Entenda o Papel da Maioria e Minoria no Congresso
Durante cada legislatura, os representantes no Congresso Nacional se organizam com base em suas ideologias e articulações políticas. Essa organização é fundamental para a escolha de líderes, que se aproximam da Mesa Diretora, a instância superior do Parlamento. Essas lideranças têm a responsabilidade de conduzir debates e votações, além de orientar o colegiado sobre como proceder nas votações.
O líder, atuando como porta-voz, é quem representa a bancada no espaço destinado a comunicados partidários. A estrutura de poder no Congresso é estabelecida conforme o regimento interno, tanto na Câmara dos Deputados quanto no Senado, onde líderes são escolhidos para representar a maioria e a minoria. Essa divisão é crucial, pois permite que grupos políticos tenham acesso a diferentes formas de influência, incluindo espaço para fala, indicações em comissões e participação nas negociações com a Mesa Diretora e o Colégio de Líderes.
Esta organização proporciona aos grupos políticos um acesso ampliado a outros níveis de poder, o que é vital na dinâmica legislativa.
A Configuração da Maioria e Minoria no Congresso
A maioria na Câmara dos Deputados é definida como a legenda ou a coalizão partidária que detém o maior número de representantes. De acordo com o regimento interno, a maioria deve ser absoluta, o que significa que, entre os 513 deputados, pelo menos 257 precisam estar alinhados para que essa maioria seja reconhecida formalmente.
No entanto, há exceções quando o colegiado não atinge essa maioria absoluta, permitindo que o bloco ou partido com o maior número de deputados seja considerado como maioria. A partir desse agrupamento, surge a minoria, que é a representação partidária que se opõe à maioria, mantendo uma postura crítica em relação ao governo. Portanto, se a maioria estiver alinhada com o governo, a minoria será opositora, e vice-versa.
No atual mandato, que teve início em 2022, a maioria é governista e sua liderança está sob responsabilidade de Arlindo Chinaglia (PT-SP), que faz parte do mesmo partido que o presidente Luiz Inácio Lula da Silva. A minoria, por sua vez, é conduzida pelo deputado Gustavo Gayer (PL-GO).
Similaridades e Diferenças no Senado
No Senado, a estrutura de poder replica a divisão observada na Câmara, mas com algumas nuances. Com 81 senadores, a maioria é definida como 41 senadores, considerando que essa é a metade do total, mais um. Assim como na Câmara, existem exceções quando não há quorum para configurar a maioria absoluta. Neste momento, o líder da maioria no Senado é Veneziano Vital do Rêgo (MDB-PB), enquanto a minoria é liderada por Ciro Nogueira (PP-PI). É relevante observar que Veneziano apresenta um alto índice de alinhamento com o governo, alcançando 98% em suas posições.

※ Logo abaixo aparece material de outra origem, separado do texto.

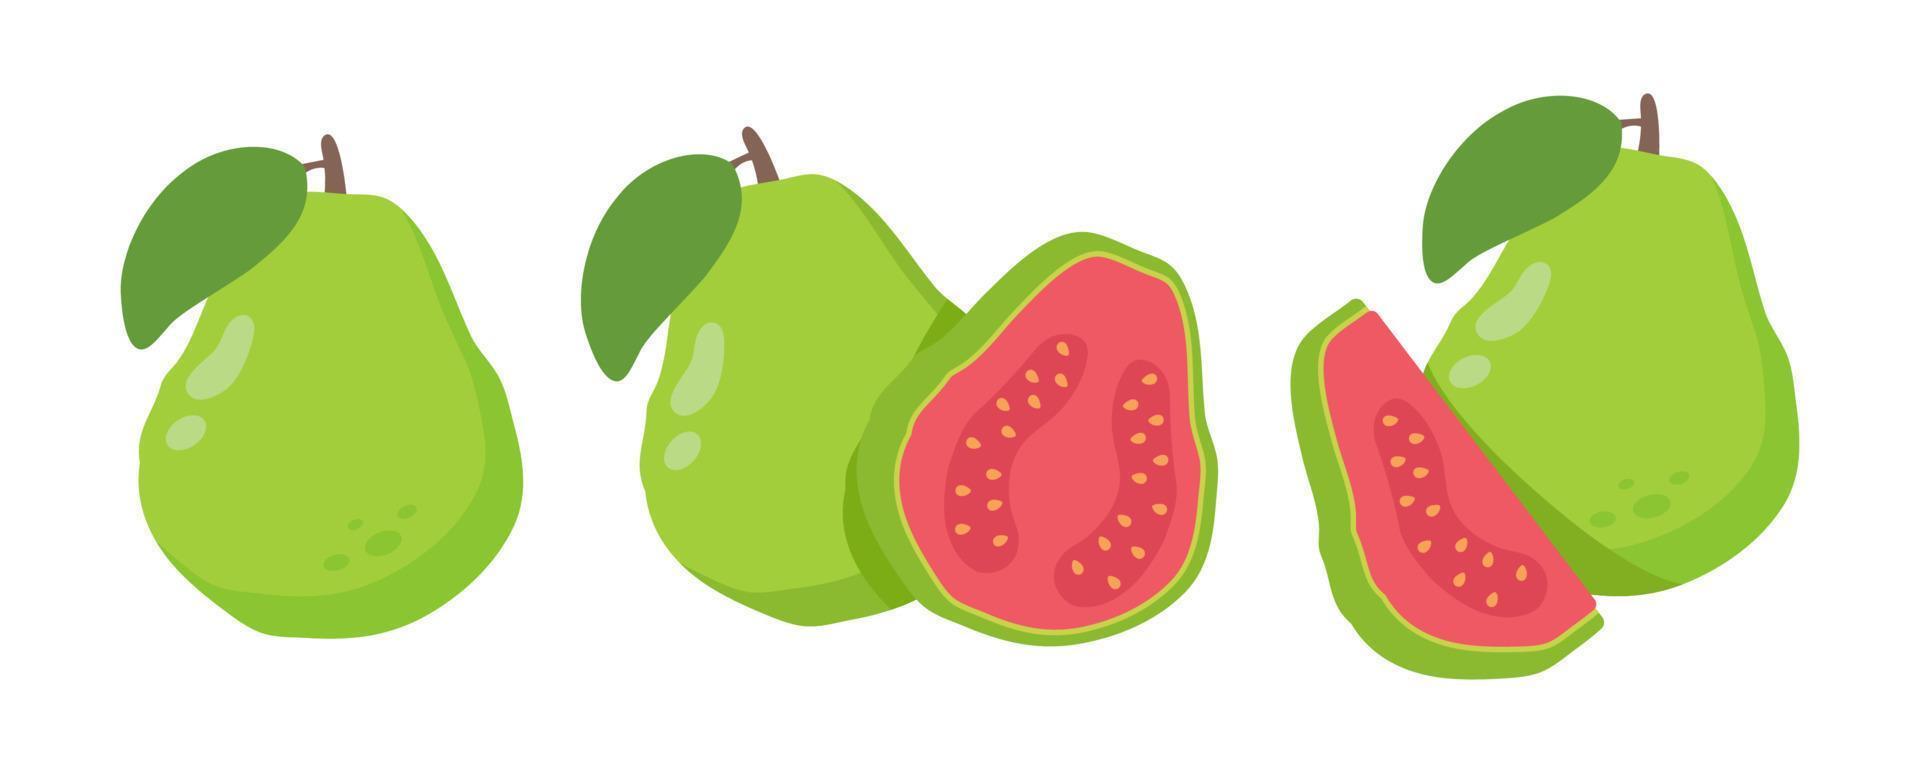 grüne guave süße frucht mit hohem vitamin c für die gesundheit für vegetarier. vektor

Perspectivas para 2027 e Mudanças no Cenário Político
Um fator intrigante é que o cenário no Senado pode ser impactado após as eleições federais de outubro de 2026. Diferentemente dos deputados e do presidente, que têm mandatos de quatro anos, os senadores são eleitos para um período fixo de oito anos. Durante esse tempo, é possível que o país passe por diferentes regimes políticos, a menos que haja reeleição.
Nos últimos quatro mandatos presidenciais, o Executivo foi ocupado por quatro pessoas distintas. Por exemplo, aqueles que foram eleitos em 2018 experimentaram a presidência de Jair Messias Bolsonaro entre 2019 e 2022 e agora estão sob a liderança de Luiz Inácio Lula da Silva, que representa uma ideologia oposta. Essa alternância no comando executivo tem influenciado diretamente como os parlamentares se posicionam como maioria ou minoria.
Com o mandato mais longo, o Senado apresenta um sistema de revezamento nas eleições, onde a cada quatro anos 27 senadores são eleitos, seguidos por 54 nas eleições subsequentes. Essa dinâmica indica que a maioria pode não ser alterada dentro de um único mandato, mesmo que a percepção política da população esteja polarizada. Para 2027, essa variação pode proporcionar uma oportunidade significativa para candidatos das direitas, como o Partido Liberal (PL), se tornarem a liderança da maioria no Senado, dependendo do cenário eleitoral que se desenhará nas próximas eleições.